En definitiva, la conducta del trabajador constituye un incumplimiento grave y culpable de sus obligaciones, prevista como causa de despido tanto en el Estatuto de los Trabajadores, como en el convenio colectivo aplicable, en el que dicha conducta aparece tipificada como falta muy grave. En tal caso, acreditándose la existencia de unos incumplimientos contractuales del trabajador, calificables técnica y legalmente de muy graves, corresponde al empresario aplicar la sanción que estime conveniente, de manera que si por éste se impone la sanción de despido y el Tribunal acepta la calificación de la falta como muy grave, no cabe imponer un correctivo distinto, pues con ello se realiza un juicio de valor que descalifica el cuadro normativo sancionador; así 'si ésta coincide con la descripción de las muy graves habrá de declarar que la calificación empresarial es adecuada y no debe rectificar la sanción impuesta, pues, de acuerdo con lo dispuesto en el artículo 58 del Estatuto de los Trabajadores, corresponde al empresario la facultad de imponer la sanción que estime apropiada, dentro del margen que establezca la norma reguladora del régimen de faltas y sanciones ( STS de 11 de octubre de 1.993 (RJ 1993, 9065) ).
Las anteriores consideraciones determinan la estimación del recurso de la empresa, la revocación de la sentencia de instancia, y la calificación del despido como procedente.
TERCERO.- No procede condena en costas ( artículo 235 L.R.J.S. y artículo 2 de la Ley de Asistencia Jurídica Gratuita).

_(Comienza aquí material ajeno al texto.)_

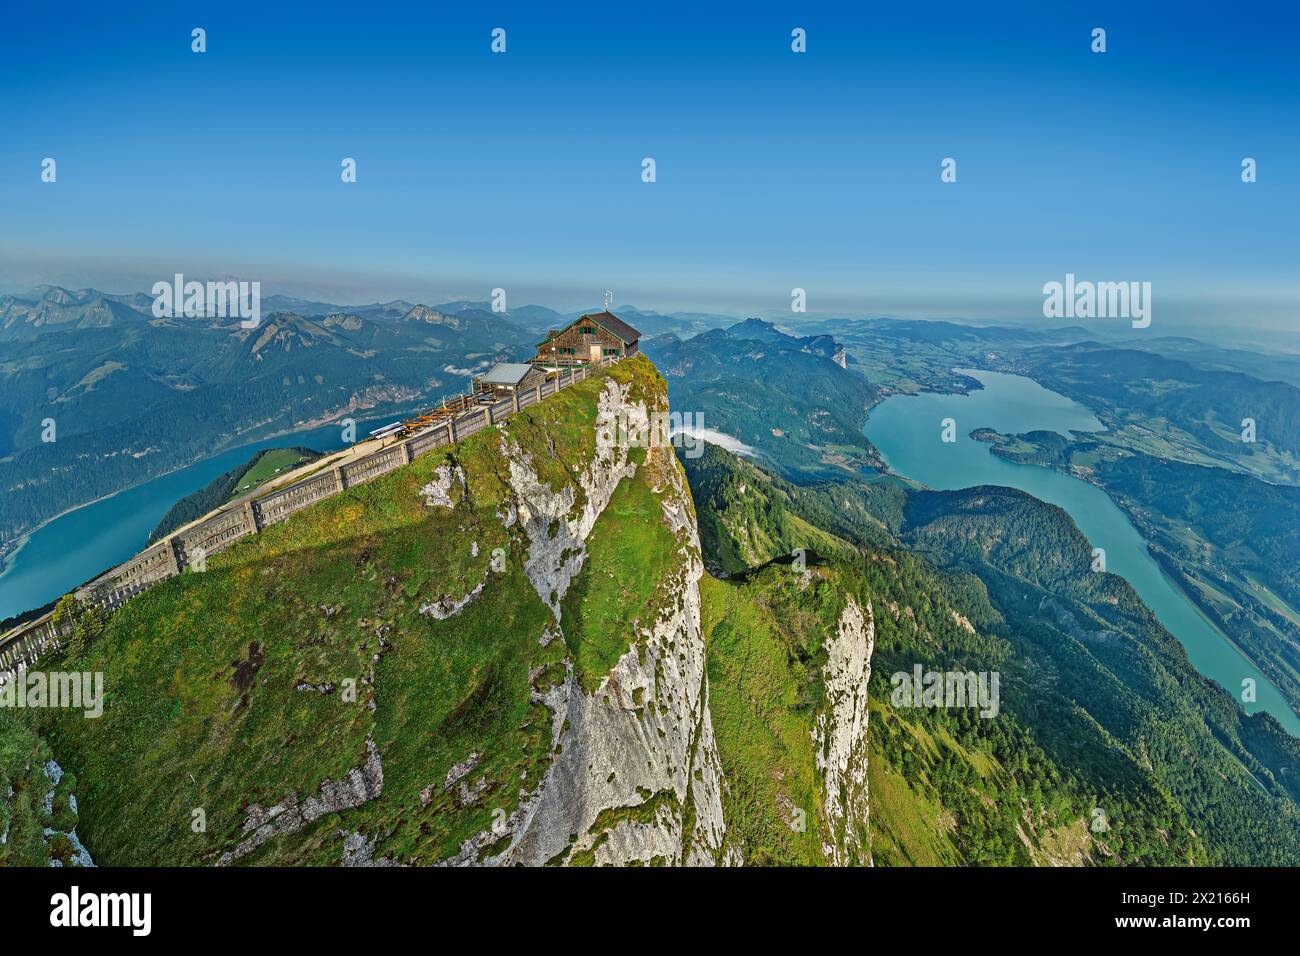 Himmelspfortenhütte on Schafberg with Wolfgangsee and Mondsee in the background, Himmelspforte, Schafberg, Salzkammergut Mountains, Salzkammergut, Upp Stock Photo

Vistos los artículos citados y demás de general y pertinente aplicación.
Fallo
Que estimando el recurso de Suplicación interpuesto por la representación Letrada de Securitas Seguridad España SA. frente a la sentencia dictada por el Juzgado de lo Social Nº Uno de los de Navarra, en el Procedimiento Nº 773/18, debemos revocar y revocamos la misma y en su lugar desestimar la demanda deducida por D. Ruperto contra la recurrente, declarando la procedencia de su despido disciplinario, absolviendo a la empresa de las pretensiones en su contra ejercitadas. Sin costas.Notifíquese a las partes y al Ministerio Fiscal la Sentencia dictada, con la advertencia que contra la misma, puede interponerse Recurso de Casación para la unificación de doctrina ante la Sala de lo Social del Tribunal Supremo, anunciándolo a través de esta Sala por escrito, dentro de los DIEZ DIAS hábiles siguientes a su notificación, durante el cual tendrán a su disposición en la oficina judicial de esta Sala los autos para su examen.
Firme que sea esta resolución, devuélvanse los autos al Juzgado de lo social de procedencia con certificación de la misma, dejándose otra certificación en el rollo a archivar por esta Sala.
Así, por nuestra Sentencia, definitivamente juzgando, lo pronunciamos, mandamos y firmamos.